Punch ranks first.
Ordinarily i dont post here and am content to lurk, since there are far more qualified posters.
But i thought people may enjoy this article.
Punch Ranks First
You now have a thorough understanding of "punch." Why did I give you such a detailed education in the fundamentals of hitting before I taught you any defensive moves?
I did it for many reasons; but the principal reason was this: The best defense in fighting is an aggressive defense. Each defensive move must be accompanied by a counter-punch or be followed immediately by a counterpunch. And you cannot counter properly if you do not know how to punch.
That does not mean that "a strong offense is the best defense." That overworked quotation may apply to other activities; but it does not apply to fighting. It does not apply when you're pitted against an experienced opponent. You may have the best attack in the world; but if you're an open target-if you're a "clay pigeon"-you'll likely get licked by the first experienced scrapper you tackle.

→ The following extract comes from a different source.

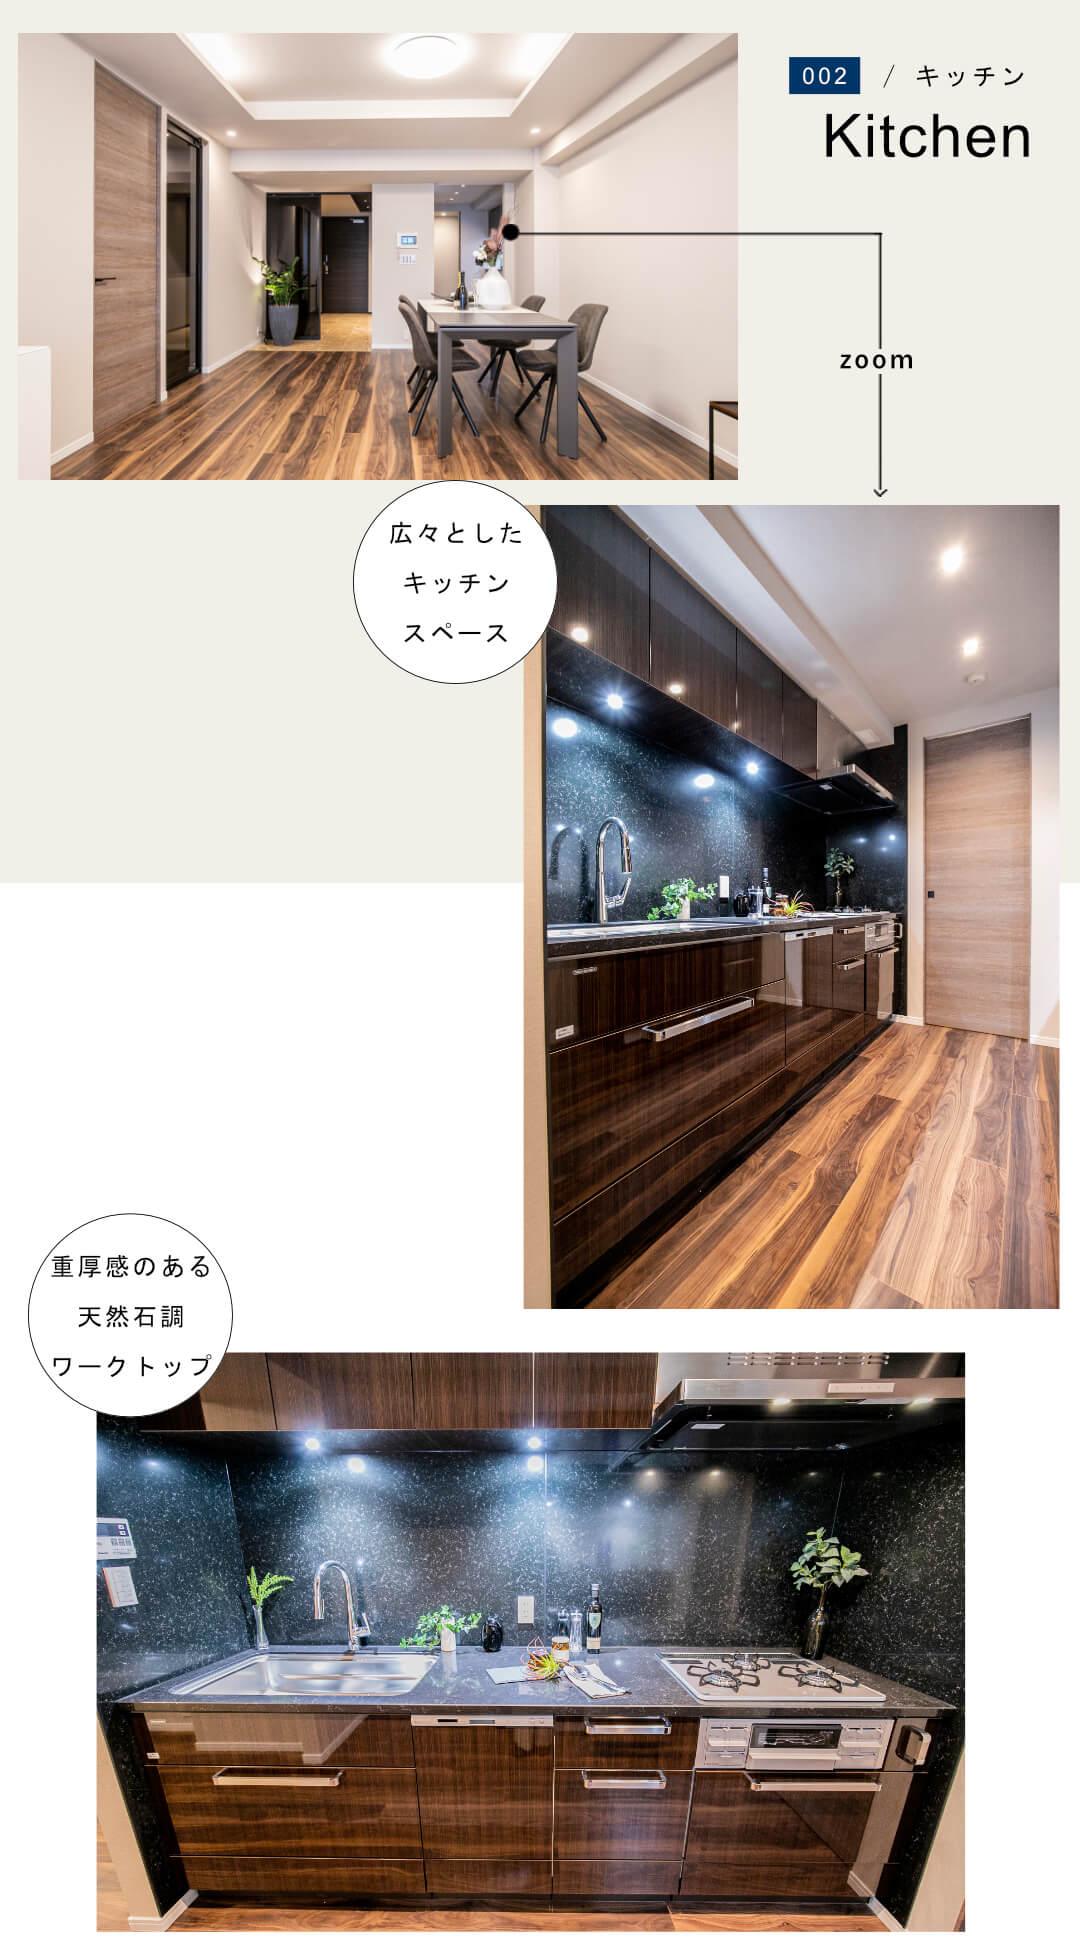 ザ・ウエストミンスター六本木 5XXのキッチン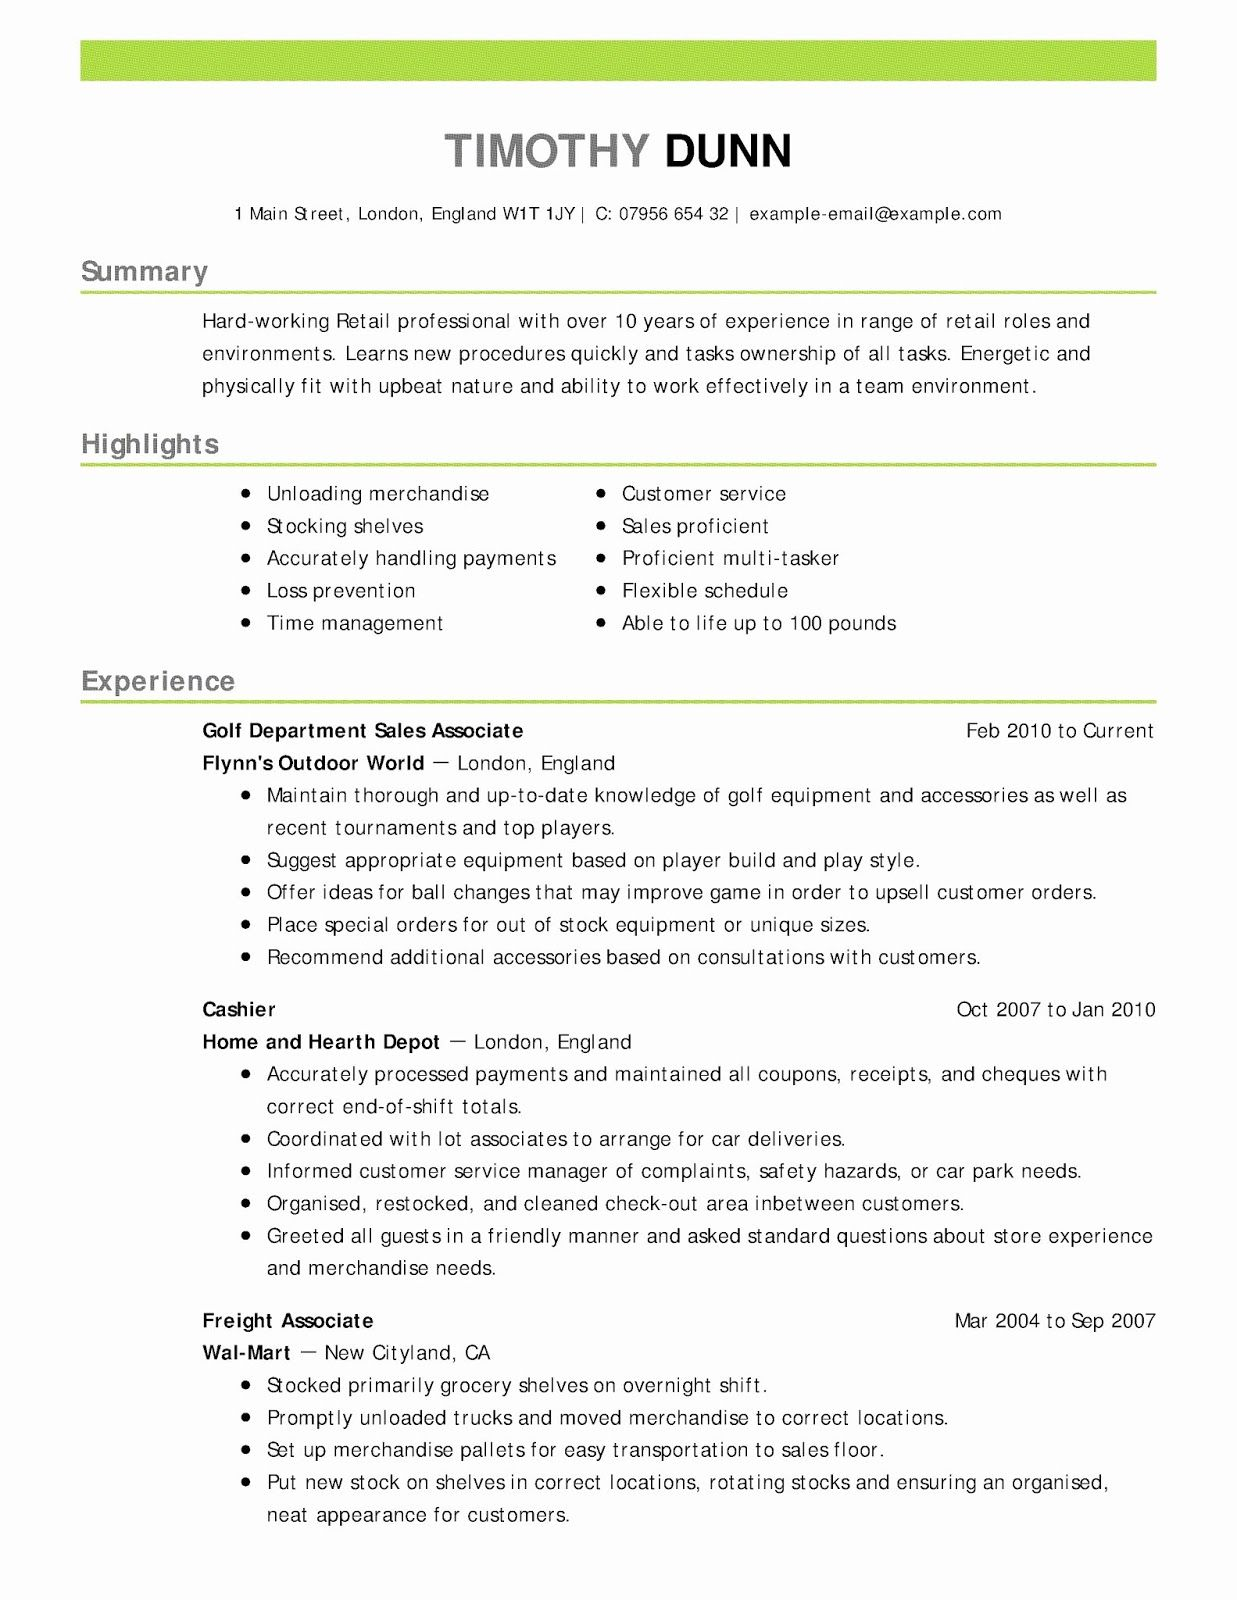 Restaurant Manager Resume Sample Restaurant Manager Resume Samples Pdf Restaurant Manager Resume Sample Fr Resume Examples Good Resume Examples Resume Skills

YOU MUST HAVE A GOOD DEFENSE TO BE A WELL-ROUNDED FIGHTER. AND THE BEST DEFENSE IS AN AGGRESSIVE DEFENSE.
Another reason for teaching punch first was this: You learned how to throw every important punch without having an opponent attempt to strike you.
I'm convinced that it's wrong to try to teach beginners punching moves and defensive moves at the same time.
Most humans cannot have two attitudes toward one subject at one time. And a beginner can't have two attitudes toward fighting.
If you take any ten beginners and attempt to teach them punching and defense simultaneously, more than half of them will concentrate on defense instead of punching.
That's a natural inclination, for it's only human that a fellow doesn't like to get hit in the face-or in the body either, for that matter.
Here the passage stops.